A frequent mini poodle client might come in 6-8 weekly, but a LOT are 12 weekly shave downs (never matted cos they're shaved down fairly short, but nothing fancy at all) so you could actually take 2+ years to get back $350US in equivalent grooming savings for a dryer in NZ!!!

It's still the same if put into NZ$ too. Our average prices are about $50NZ and you can pay as much as $80NZ up north for fancier trims. So a $500NZ dryer will still take 10 average grooms to pay for itself, which if only done 4-6 times a year will take a couple of years to recoup... And hence paying more than a couple of hundred NZ$ is getting a bit steep really...


----------



## ArreauStandardPoodle (Sep 1, 2009)

Shop-Vac® :: Vacs

This is the link to the ShopVac site. It does not have to be the Shopvac brand. Basically they are the heavy duty little vacuum cleaners used to vaccum up the workshop, garage...any heavy vacuuming you do not want to ruin your home vacuum doing. They are very powerful, and will suck up anything- wood, drywall dust, stones, without suffering any ill effects.

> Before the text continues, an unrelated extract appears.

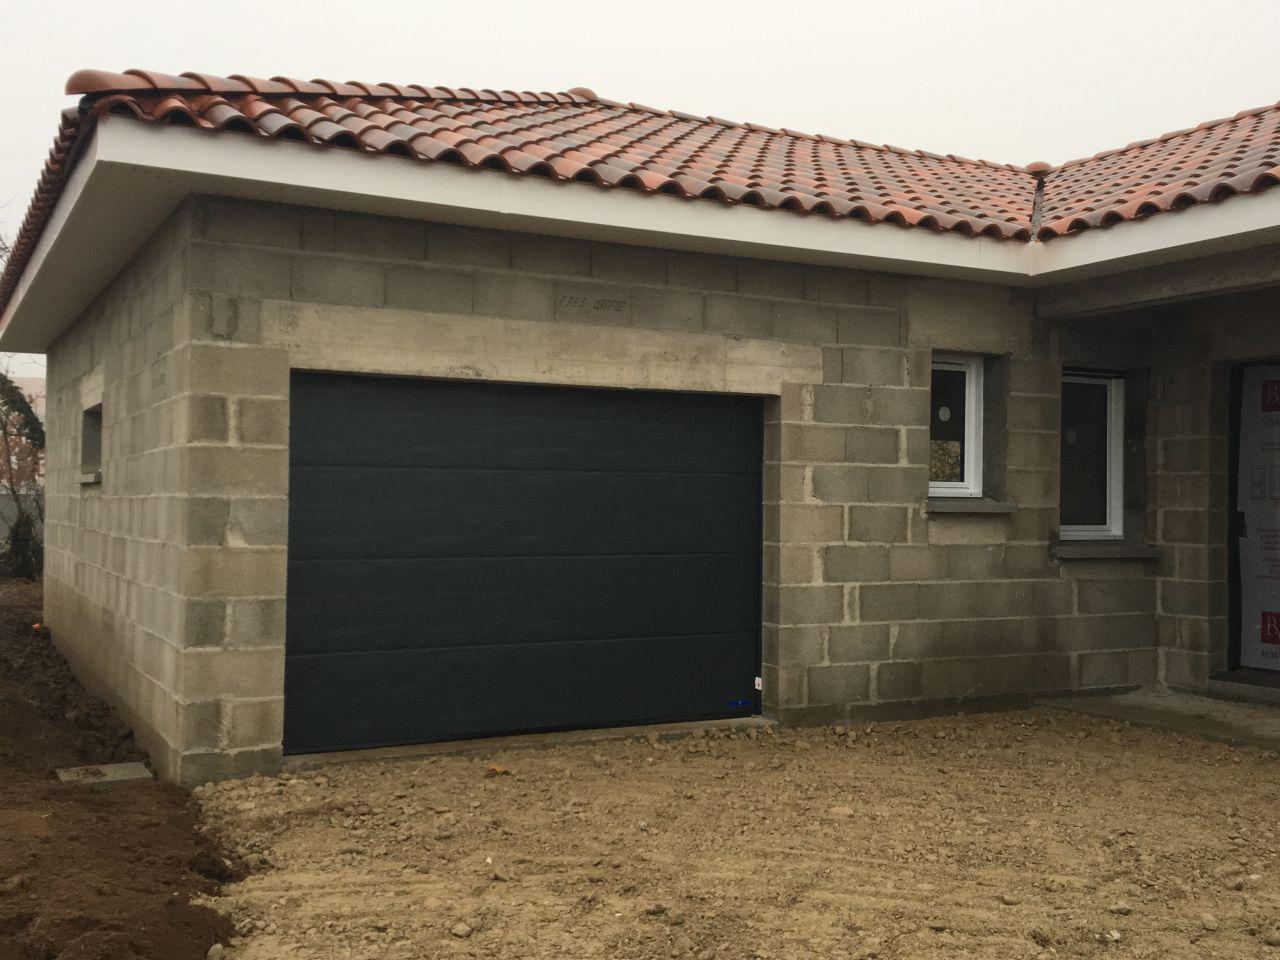 Porte de garage 3 mètres motorisée
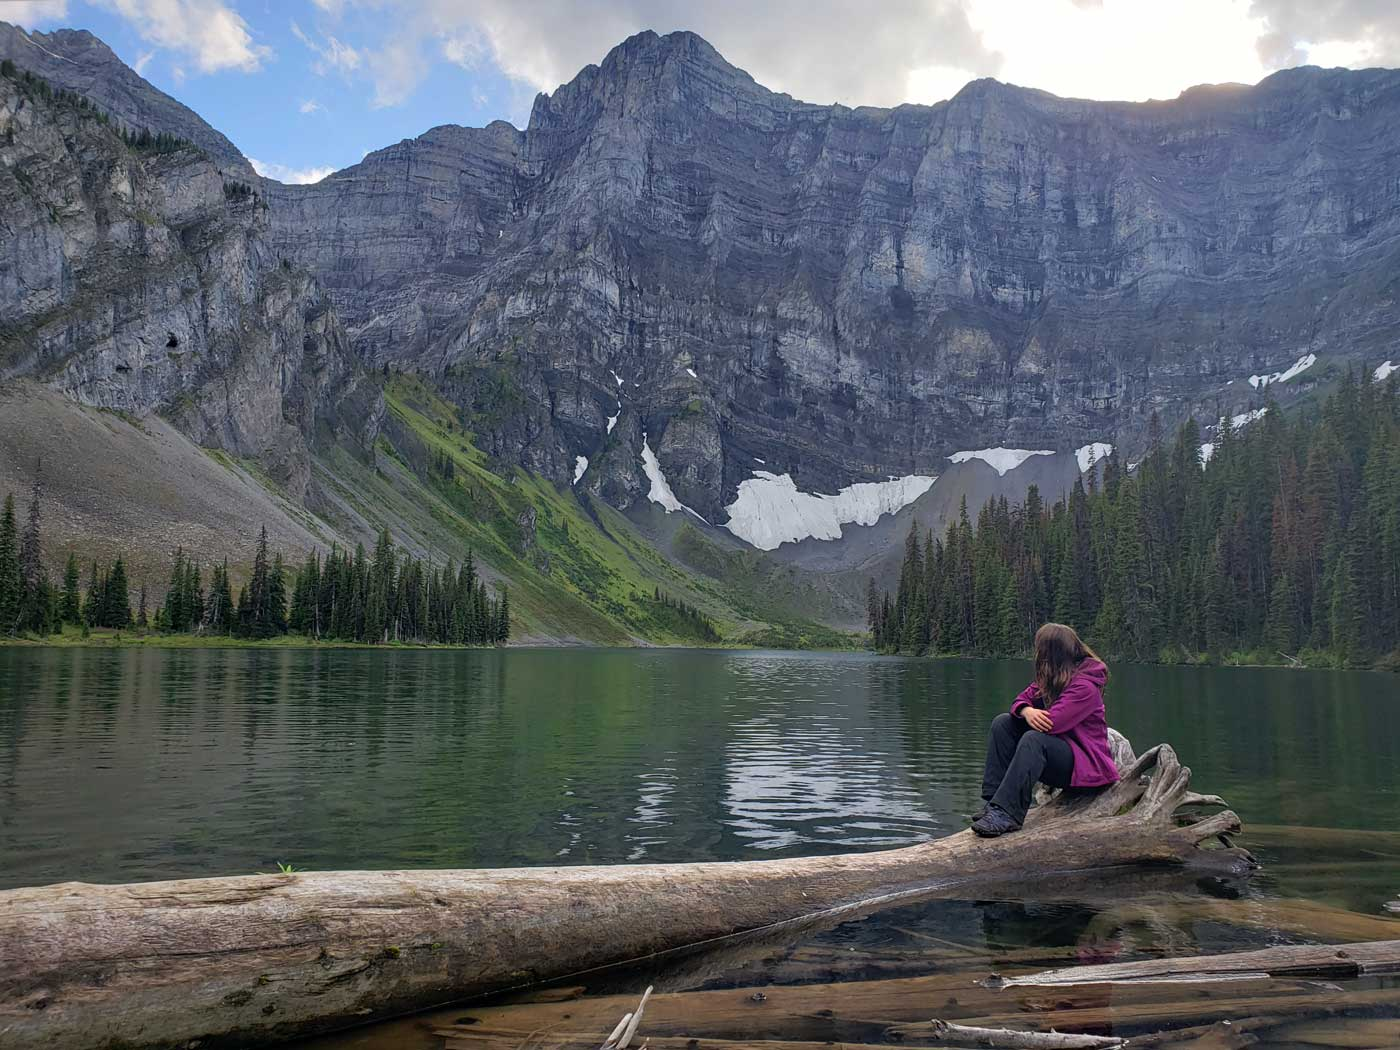 Jolene Rempel sitting on log in Rawson Lake in Kananaskis Country, Alberta, Canada.

We call all of these heavy duty vacuums " Shopvac" the same way we call all facial tissue "Kleenex".


----------



## plumcrazy (Sep 11, 2009)

Just make sure, if you do find one of these vacuums, that it has a "blow" function as well as a "suck" function! I'm not sure all models do...


----------



## ArreauStandardPoodle (Sep 1, 2009)

plumcrazy said:


> Just make sure, if you do find one of these vacuums, that it has a "blow" function as well as a "suck" function! I'm not sure all models do...


That is correct. They do not all have an exhaust hole, and that is what you need.


----------



## Olie (Oct 10, 2009)

I took this suggestion and it works well. Thanks Cherie!! 

I got the small one for $20 at Walmart. BUT I intend to get the big one. 

When doing standards you need much more blowing power. The small ones are perfect for mini's or other dogs - but to get the straight blow out, the small one doesn't get the job done as well.


----------